This is a boastful tale of how I used psychology to win dominate a football prediction contest.
Back in September, I was asked to represent my department – Operations and Information Management – in a Wharton School contest to predict NFL football game outcomes. Having always wanted a realistic chance to outperform Adam Grant at something, I agreed.
The contest involved making the same predictions that sports gamblers make. For each game, we predicted whether the superior team (the favorite) was going to beat the inferior team (the underdog) by more or less than the Las Vegas point spread. For example, when the very good New England Patriots played the less good Pittsburgh Steelers, we had to predict whether or not the Patriots would win by more than the 6.5-point point spread. We made 239 predictions across 16 weeks.
Contrary to popular belief, oddsmakers in Las Vegas don’t set point spreads in order to ensure that half of the money is wagered on the favorite and half the money is wagered on the underdog. Rather, their primary aim is to set accurate point spreads, one that gives the favorite (and underdog) a 50% chance to beat the spread. [1] Because Vegas is good at setting accurate spreads, it is very hard to perform better than chance when making these predictions. The only way to do it is to predict the NFL games better than Vegas does.
Enter Wharton professor Cade Massey and professional sports analyst Rufus Peabody. They’ve developed a statistical model that, for an identifiable subset of football games, outperforms Vegas. Their Massey-Peabody power rankings are featured in the Wall Street Journal, and from those rankings you can compute expected game outcomes. For example, their current rankings (shown below) say that the Broncos are 8.5 points better than the average team on a neutral field whereas the Seahawks are 8 points better.
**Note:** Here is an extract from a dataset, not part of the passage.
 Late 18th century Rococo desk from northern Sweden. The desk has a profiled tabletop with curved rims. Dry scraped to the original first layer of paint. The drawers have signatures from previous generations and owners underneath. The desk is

Thus, we can expect, on average, the Broncos to beat the Seahawks by 0.5 points if they were to play on a neutral field, as they will in Sunday’s Super Bowl. [2]
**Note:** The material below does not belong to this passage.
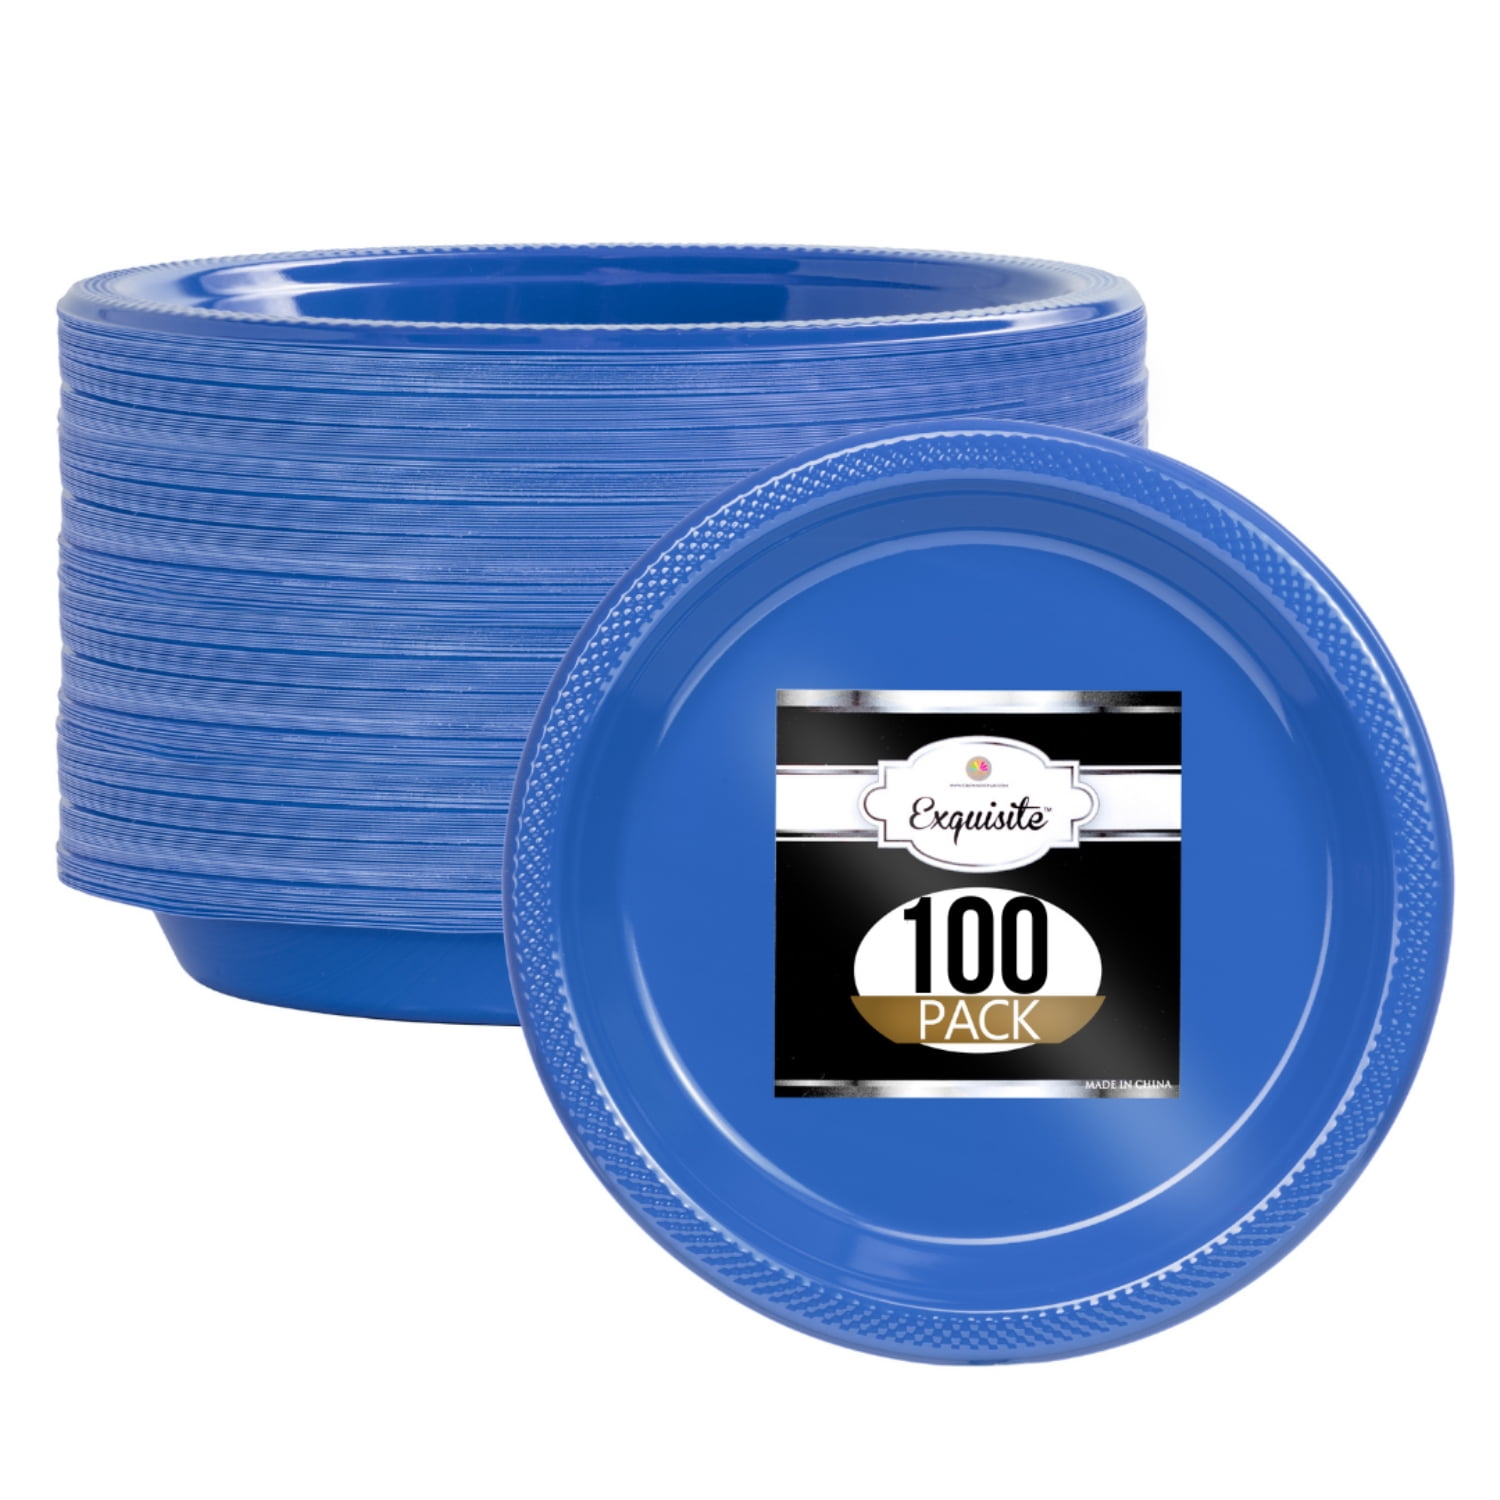 Club Pack of 240 Blue Small Round Premium Pastel Disposable Party Bowls 12  oz. - Bed Bath & Beyond - 16607375

My approach to the contest was informed by two pieces of information.
First, my work with Leif (.pdf) has shown that naïve gamblers are biased when making these predictions – they predict favorites to beat the spread much more often than they predict underdogs to beat the spread. This is because people’s first impression about which team to bet on ignores the point spread and is thus based on a simpler prediction as to which team will win the game. Since the favorite is usually more likely to win, people’s first impressions tend to favor favorites. And because people rarely talk themselves out of these first impressions, they tend to predict favorites against the spread. This is true even though favorites don’t win against the spread more often than underdogs (paper 1, .pdf), and even when you manipulate the point spreads to make favorites more likely to lose (paper 2, .pdf). Intuitions for these predictions are just not useful.
Second, knowing that evidence-based algorithms are better forecasters than humans (.pdf), I used the Massey-Peabody algorithm for all my predictions.
So how did the results shake out? (Notes on Analyses; Data)
First, did my Wharton colleagues also show the bias toward favorites, a bias that would indicate that they are no more sophisticated than the typical gambler?
Yes. All of them predicted significantly more favorites than underdogs.
Second, how did I perform relative to the “competition?”
Since everyone loves a humble champion, let me just say that my victory is really a victory for Massey-Peabody. I don’t deserve all of the accolades. Really.
Yeah, for about the millionth time (see meta-analysis, .pdf), we see that statistical models outperform human forecasters. This is true even (especially?) when the humans are Wharton professors, students, and staff.
So, if you want to know who is going to win this Sunday’s Super Bowl, don’t ask me and don’t ask the bestselling author of Give and Take. Ask Massey-Peabody.
And they will tell you, unsatisfyingly, that the game is basically a coin flip.